The Internet of Tells: Constant biomonitoring and some uses
In poker, they call them tells. The little physical signs that we can't control that give away our inner mental state. What happens if we make these privately machine-readable?
For me, a lot of the fun of future technologies isn't new tech per se, but the coming together of three or four older things, refined by new physical capabilities and design understandings, to push over the Hill of Single Use into a new valley of possible products. A strained metaphor, perhaps, so let me give you an example. Heart rate monitors have been around for years. I've been running with one strapped to my chest for at least a decade myself, and in those days the data has been restricted to its one single device (and later to a single app, barring the export of averages and such very high-level takes). You certainly didn't wear an HR monitor all the time, and even if you did, you couldn't use what it saw for anything other than athletic training.
But 2015 will see at least two products come to mass-market that might do such a thing. The Jawbone3, and the Apple Watch.
The Apple Watch has an HR monitor on its back, has local processing, a data connection (and through that, infinite cloud processing) - but more than that, it has access to everything else we might do digitally, Not just publishing capability (send my HR to Facebook, Tweet when I go over 180, and so on) but a form of sense-making too.

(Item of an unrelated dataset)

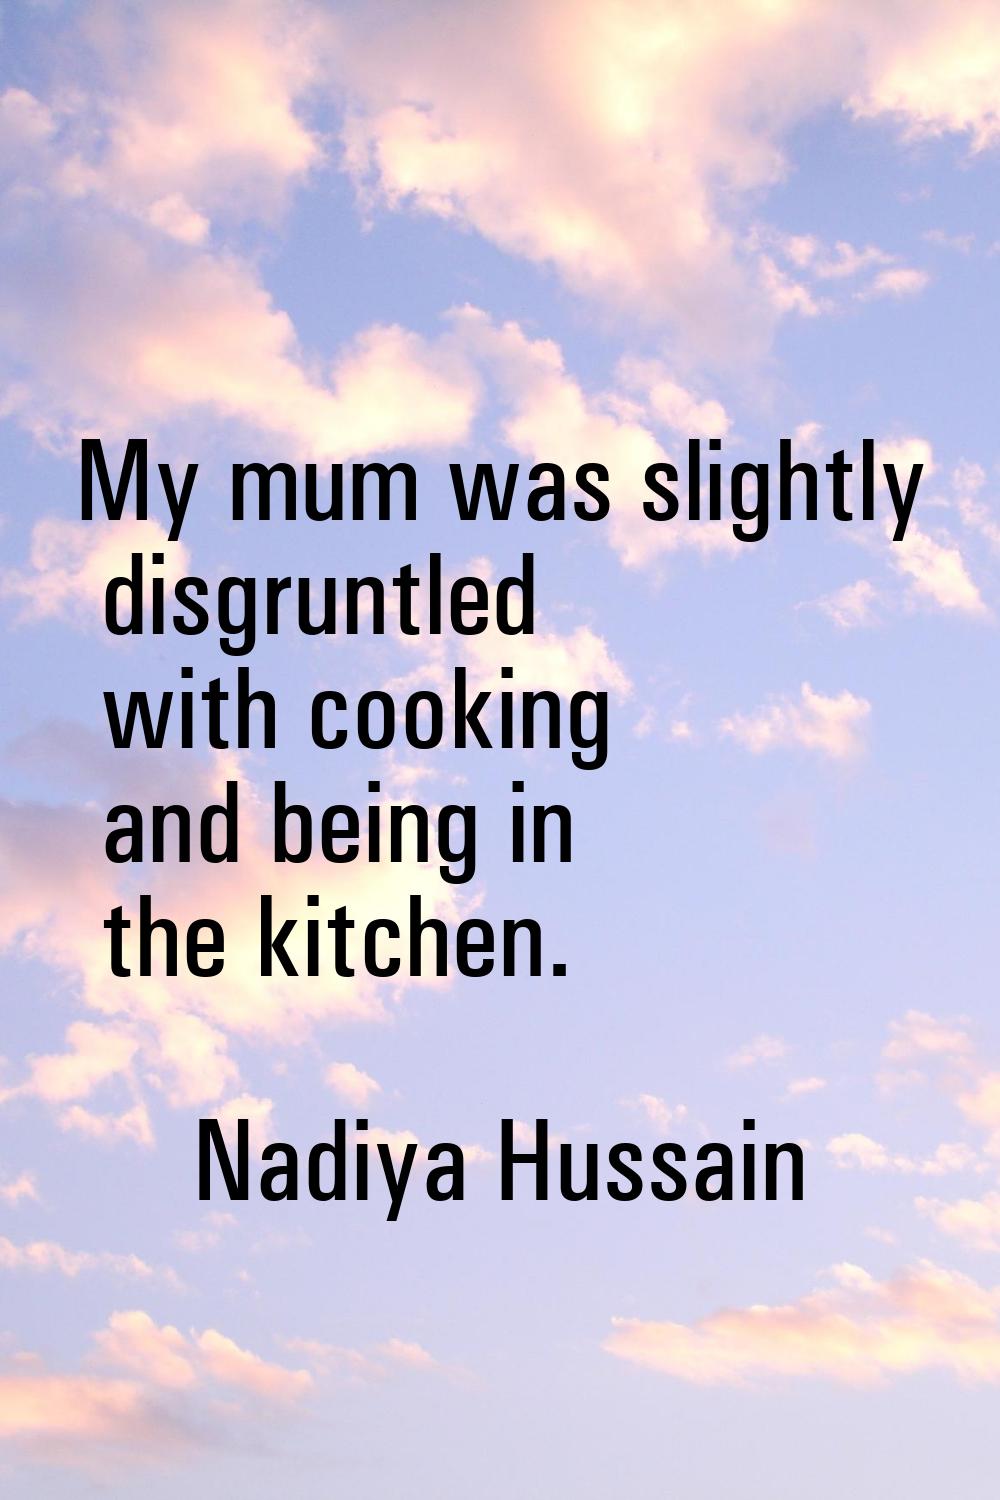 My mum was slightly disgruntled with cooking and being in the kitchen.

The complex network around the Apple Watch knows an awful lot about your personal context - that's really its point after all - and so it could start to make all sorts of correlations between HR and that context.
We know that changes in HR can reflect changes in psychological state. Your heart beats faster when you're aroused or stressed or angry. And we now have a device that can notice that tell, and try to work out what is causing it. What might that do? Here are some scenarios, and possible products:
- One to One. You regularly meet with someone, Mr X, who drives you insane. A deeply stressful person, who causes your heart to beat hard as you restrain yourself from violence. An asshole of the highest order. Your system detects the increase in heart rate, and sees it happens whenever you have a calendar appointment with Mr X. Matching the appointment data with LinkedIN, it identifies Mr X, and posts the "Meeting with Mr X is stressful" posit to a LinkedIN API-using offshoot, a "Rate My Meeting" clone. Over time, Mr X's rating is further added to by others' systems, perhaps without user input at all, flagging Mr X as (algorithmically designated) asshole. The system acts accordingly.
- Many to One. You walk to work down Oxford Street, but prefer to slip through side streets if the foot traffic is annoyingly dense. Luckily, the HR monitors on the wrists of tens of Apple Watch wearers already on Oxford Street are spiking higher than they usually average here, at this time of day, with this sort of weather. Your system notices this, and gently nudges you away from the area, pre-emptively avoiding the stress that others are giving away to the network.
- Many to Many. You're at a concert, and having a splendid time. Your HR is rising as the music builds, and from your watch you can see that others in the crowd are feeling it too. The crowd average HR goes past 140...141...144....147.......149......and as soon as it reaches 150, it triggers the drop, the stage pyros, the lasers, the dancing girls. The musicians onstage, able to reach their musical climax just as the audience reaches theirs. That's showbusiness.
None of these use-cases, and there are many more, require a new magical technology. Apart from the actual heart-monitoring, you could prototype them today all quite (handwaving here) easily. But none of them would work without a good installed base of constantly available HR monitors already in place. That, if Apple and Jawbone and the rest get their way, is what we're about to have. It's a whole new product/service category, being unlocked almost by mistake.